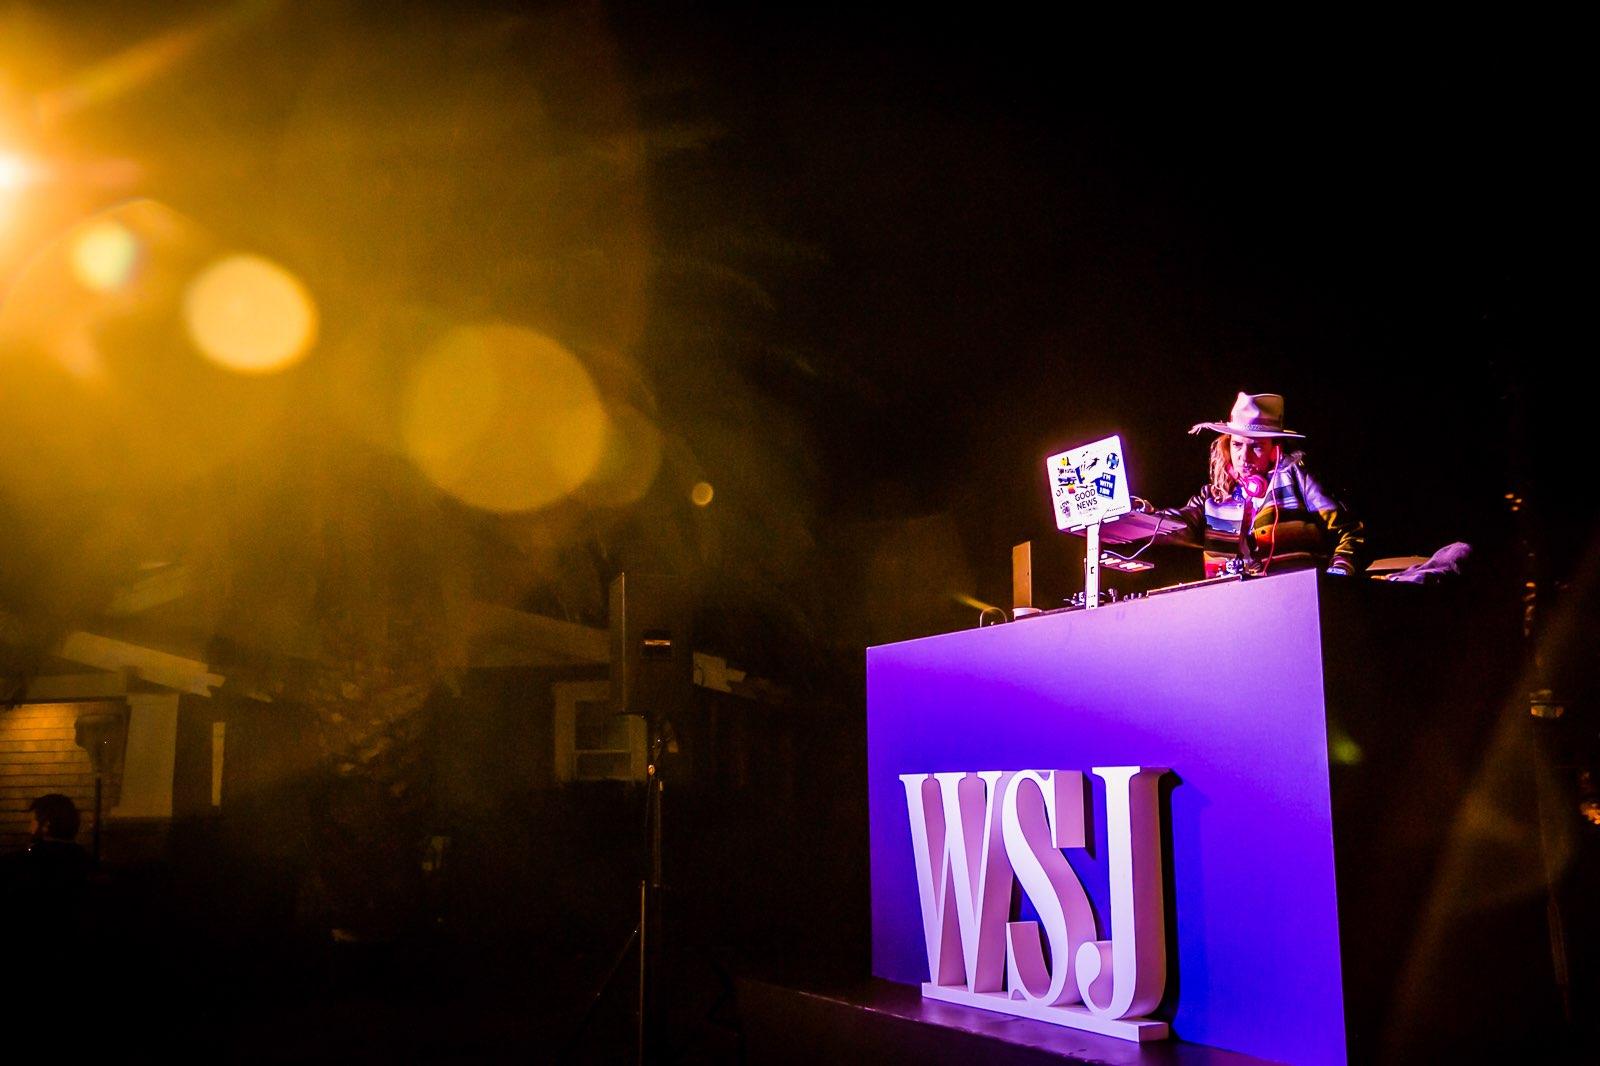 montage-laguna-beach-wsj-tech-live-event-DJ
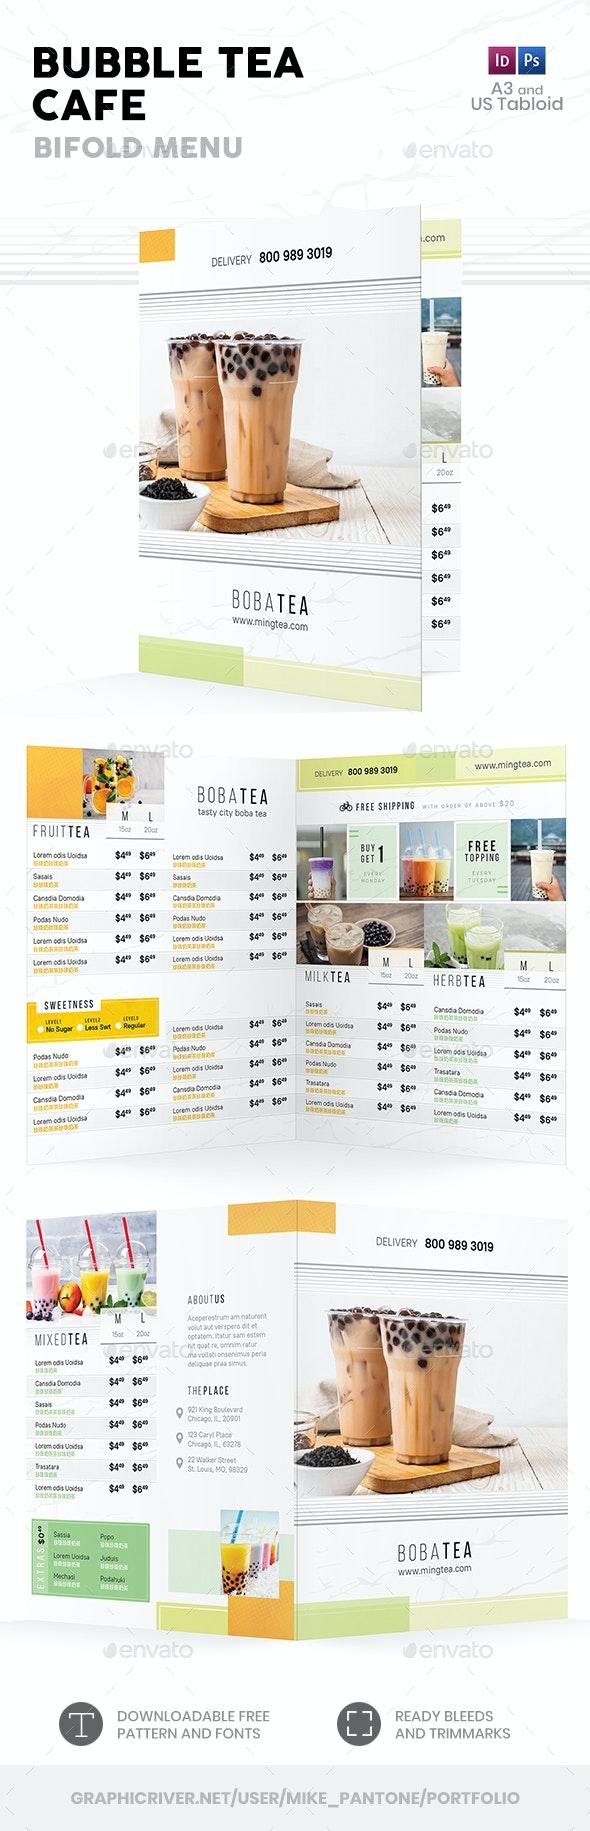 Bubble Tea Bifold / Halffold Menu 4 - Food Menus Print Templates
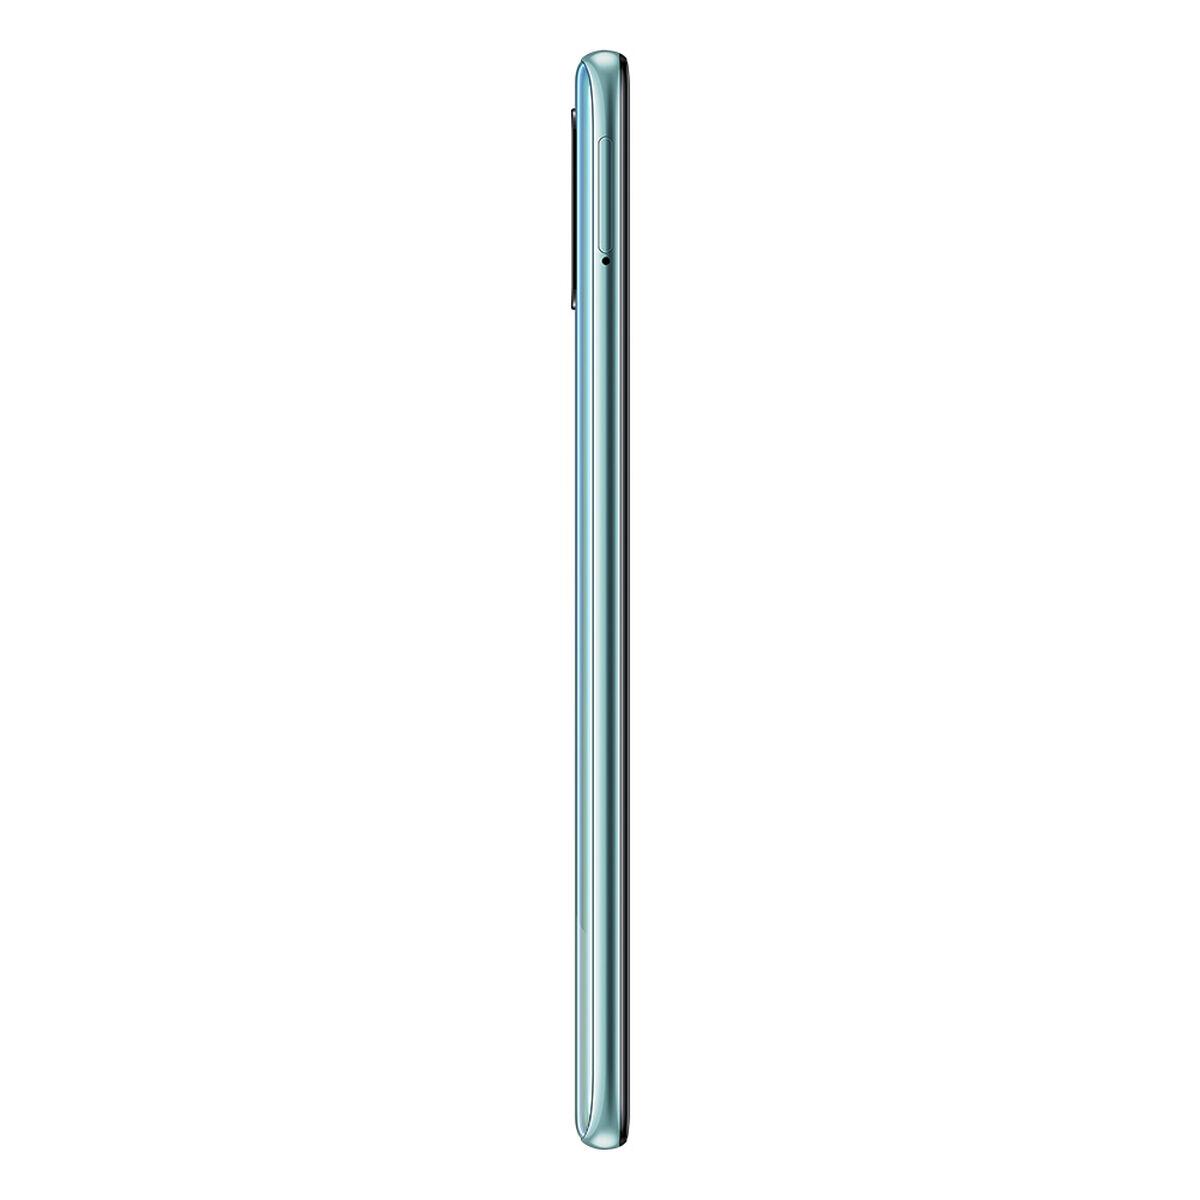 "Celular Samsung Galaxy A51 128GB 6.5"" Azul Liberado"

> _ACTION ITEM_
Only the lines from the line with "Bubble Tea Bifold" to the bottom of the material above should be reproduced, exactly and without pictures.

> _SOLVED PROBLEM_
 Bubble Tea Bifold / Halffold Menu 4 - Food Menus Print Templates
 "Celular Samsung Galaxy A51 128GB 6.5"" Azul Liberado"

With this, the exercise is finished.